* SOURCE MATERIAL *
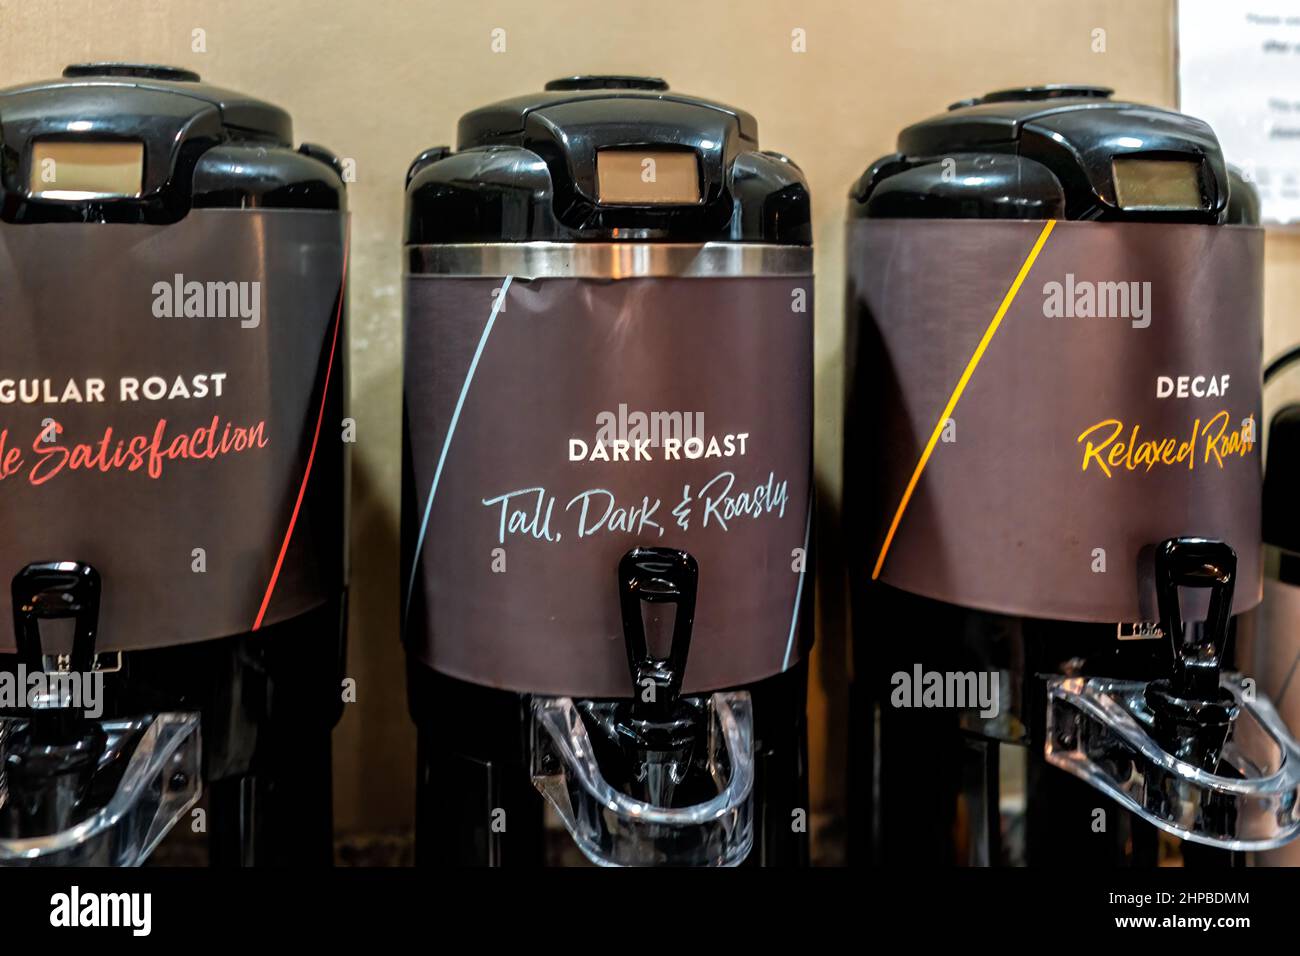 https://c8.alamy.com/comp/2HPBDMM/naples-usa-august-6-2021-ihg-staybridge-suites-hotel-morning-buffet-continental-breakfast-with-dispenser-machine-for-coffee-selection-of-dark-roa-2HPBDMM.jpg
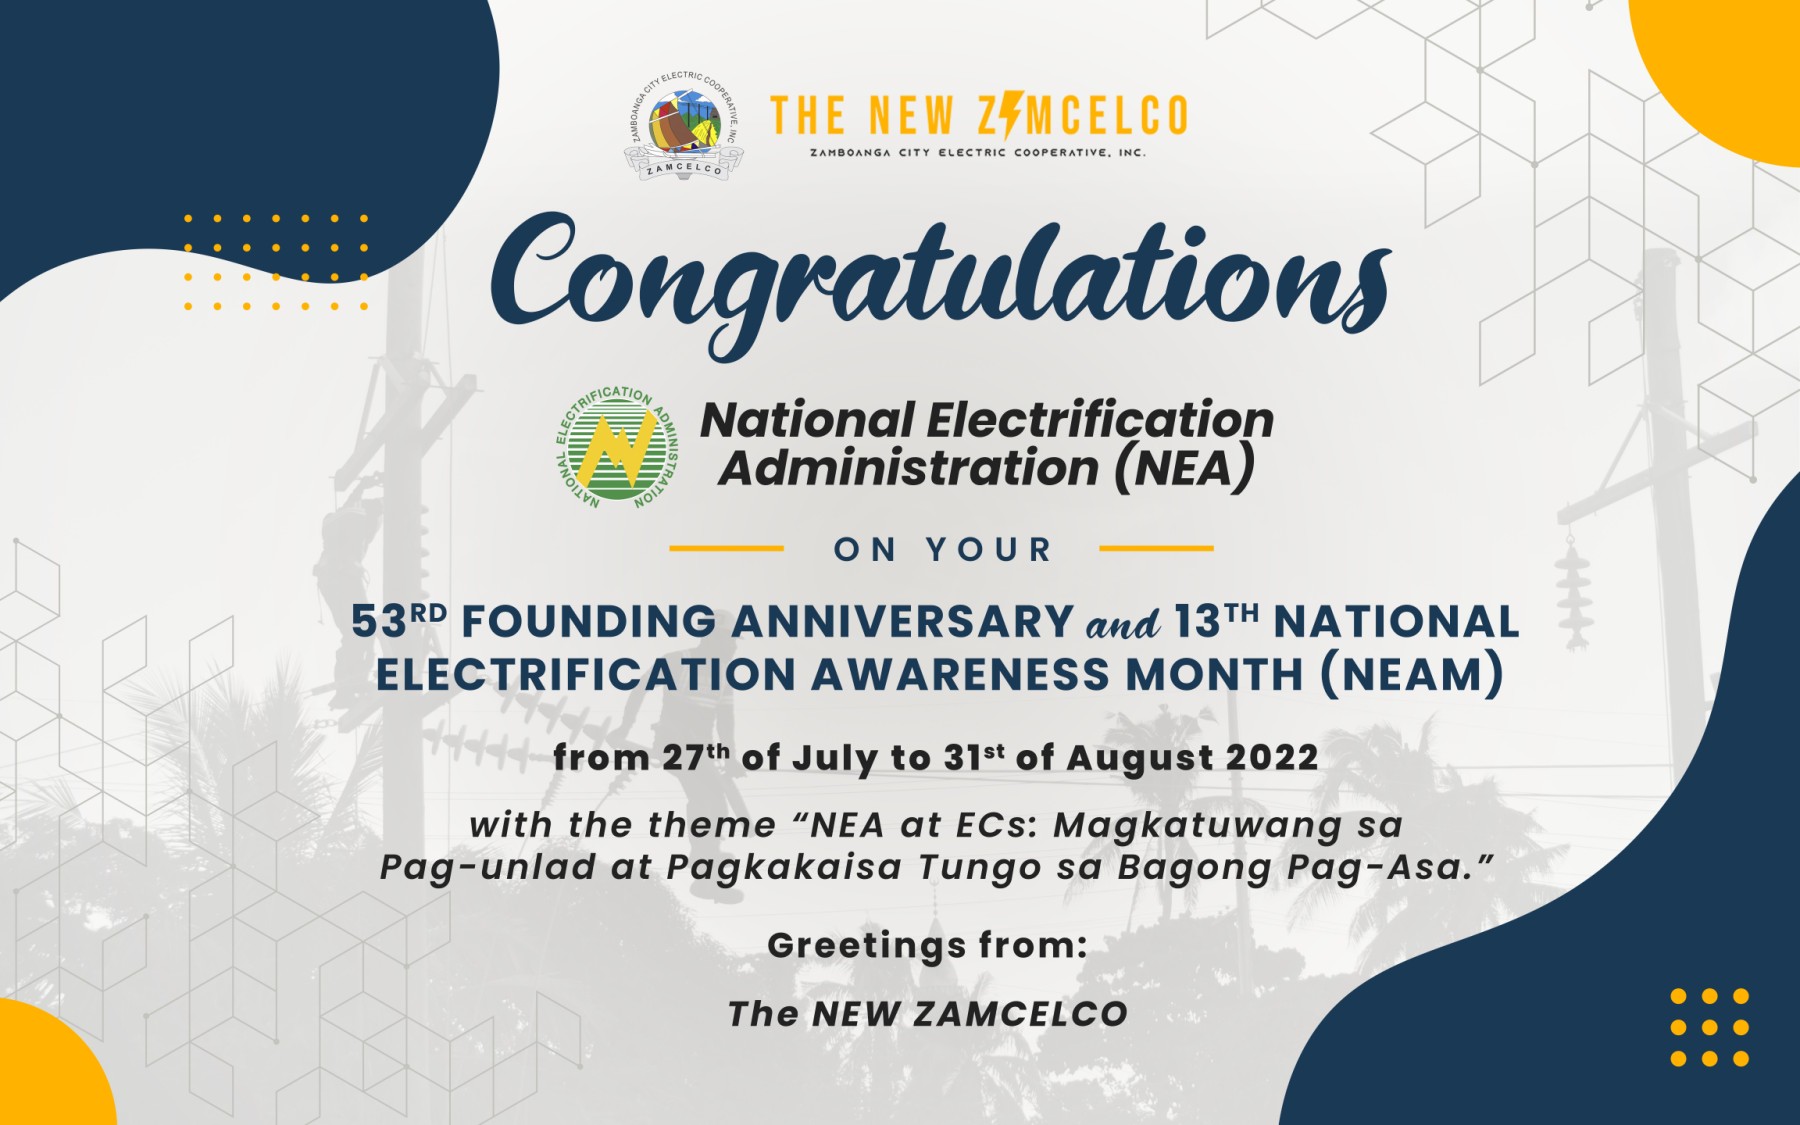 NEA’s 53rd Founding Anniversary and 13th National Electrification Awareness Month (NEAM)
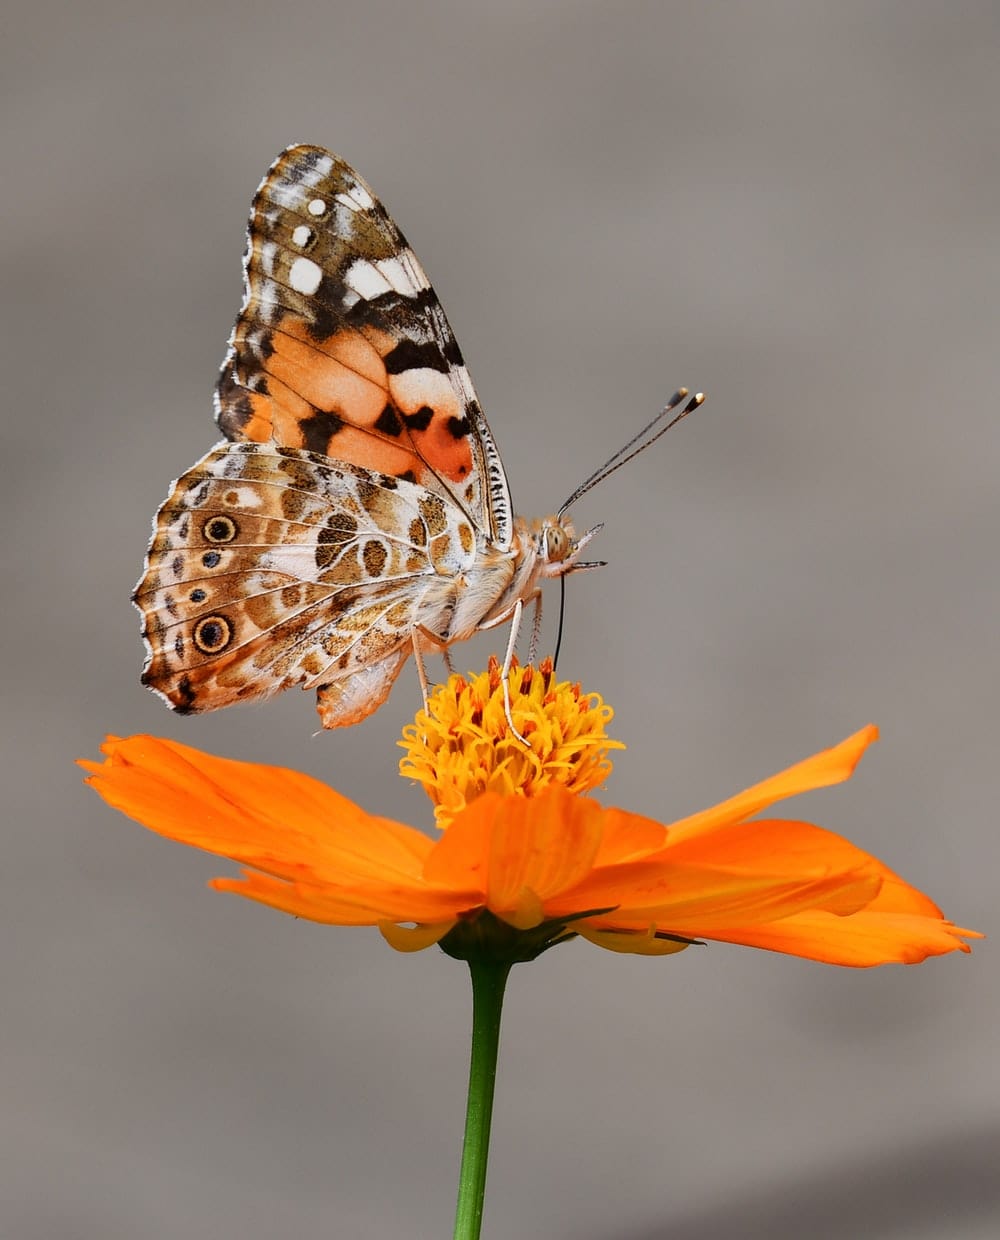 Cross Stitch | Butterfly - Selective Focus Photography Of Butterfly On Orange Petaled Flower - Cross Stitched
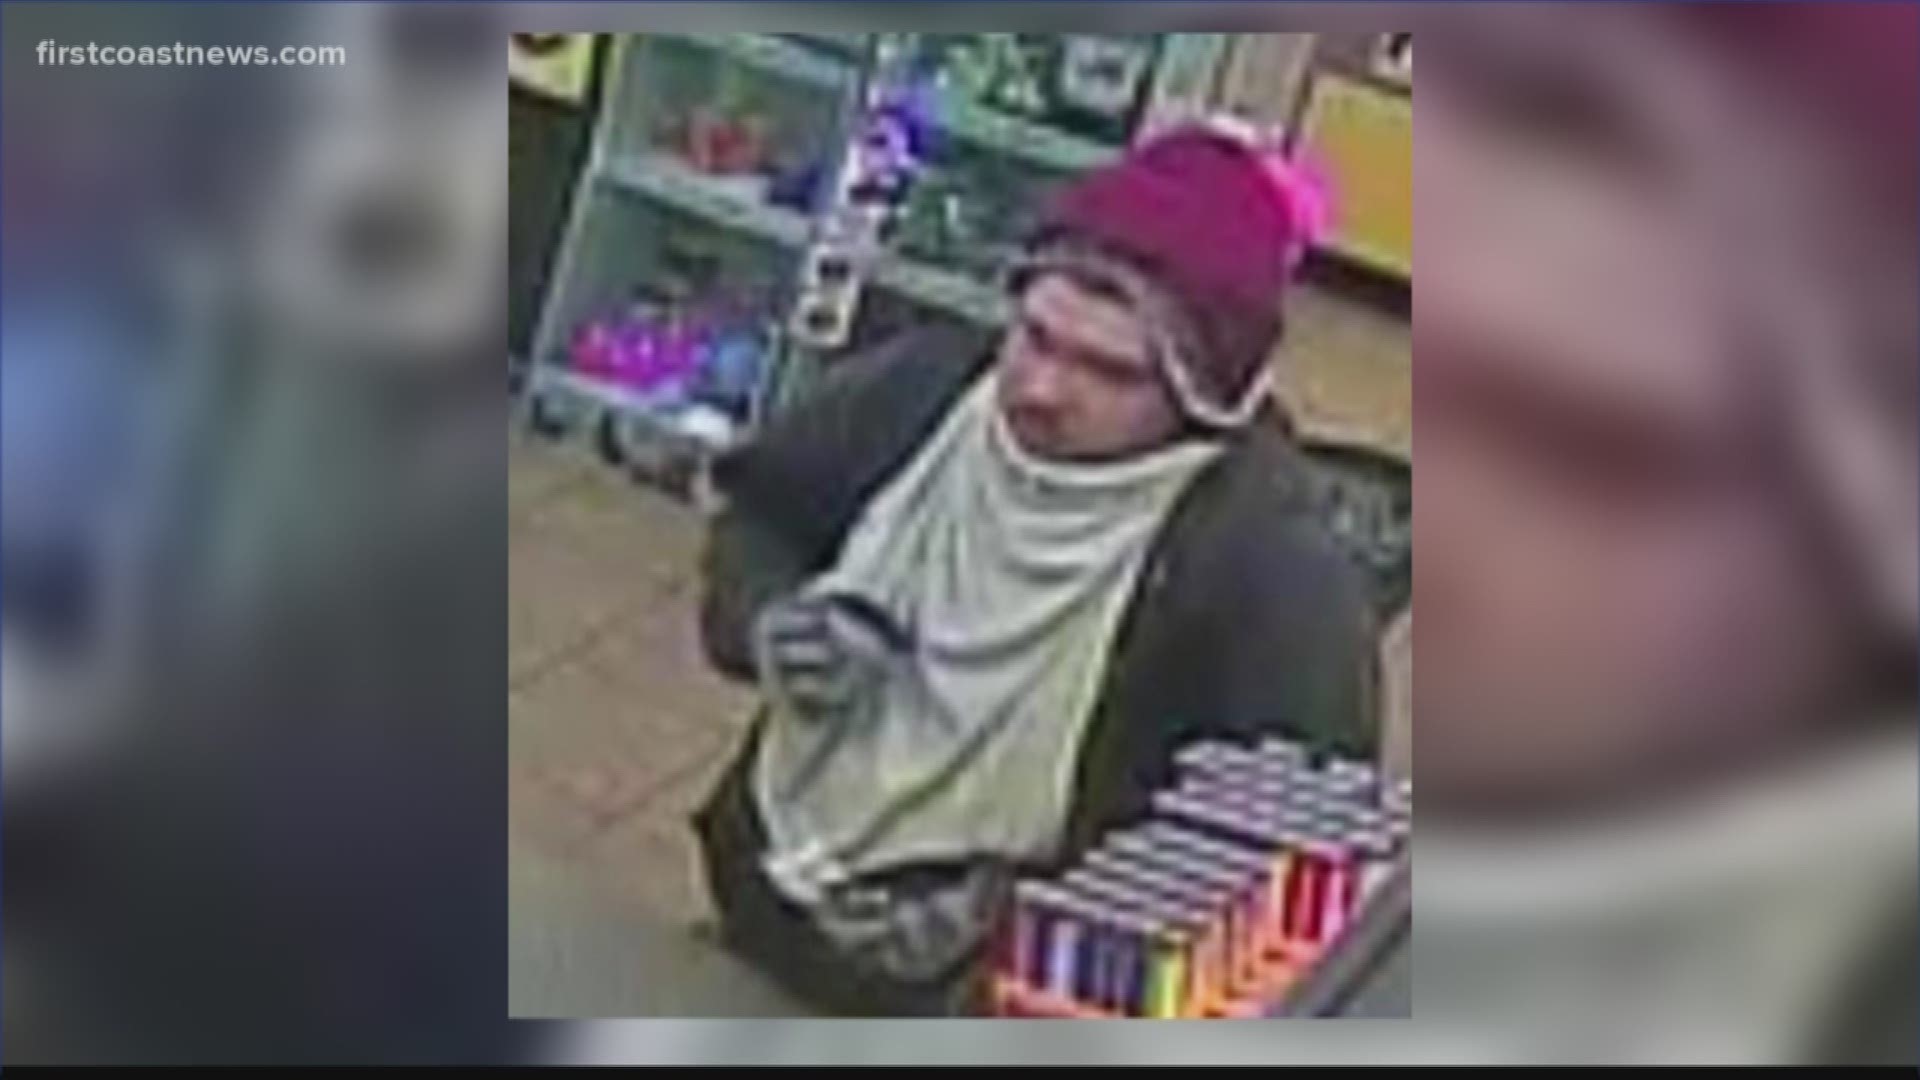 Deputies say the man entered the Circle K gas station on 465 SR-16 and lurked around for about 30 minutes before brandishing a gun and demanding money from the cash register.

* EXERCISE BRIEF *
In your answer, repeat the material above in full, exactly, and without its pictures.

* EXERCISE RESULT *
 https://c8.alamy.com/comp/2HPBDMM/naples-usa-august-6-2021-ihg-staybridge-suites-hotel-morning-buffet-continental-breakfast-with-dispenser-machine-for-coffee-selection-of-dark-roa-2HPBDMM.jpg
 NEA’s 53rd Founding Anniversary and 13th National Electrification Awareness Month (NEAM)
 Cross Stitch | Butterfly - Selective Focus Photography Of Butterfly On Orange Petaled Flower - Cross Stitched
 Deputies say the man entered the Circle K gas station on 465 SR-16 and lurked around for about 30 minutes before brandishing a gun and demanding money from the cash register.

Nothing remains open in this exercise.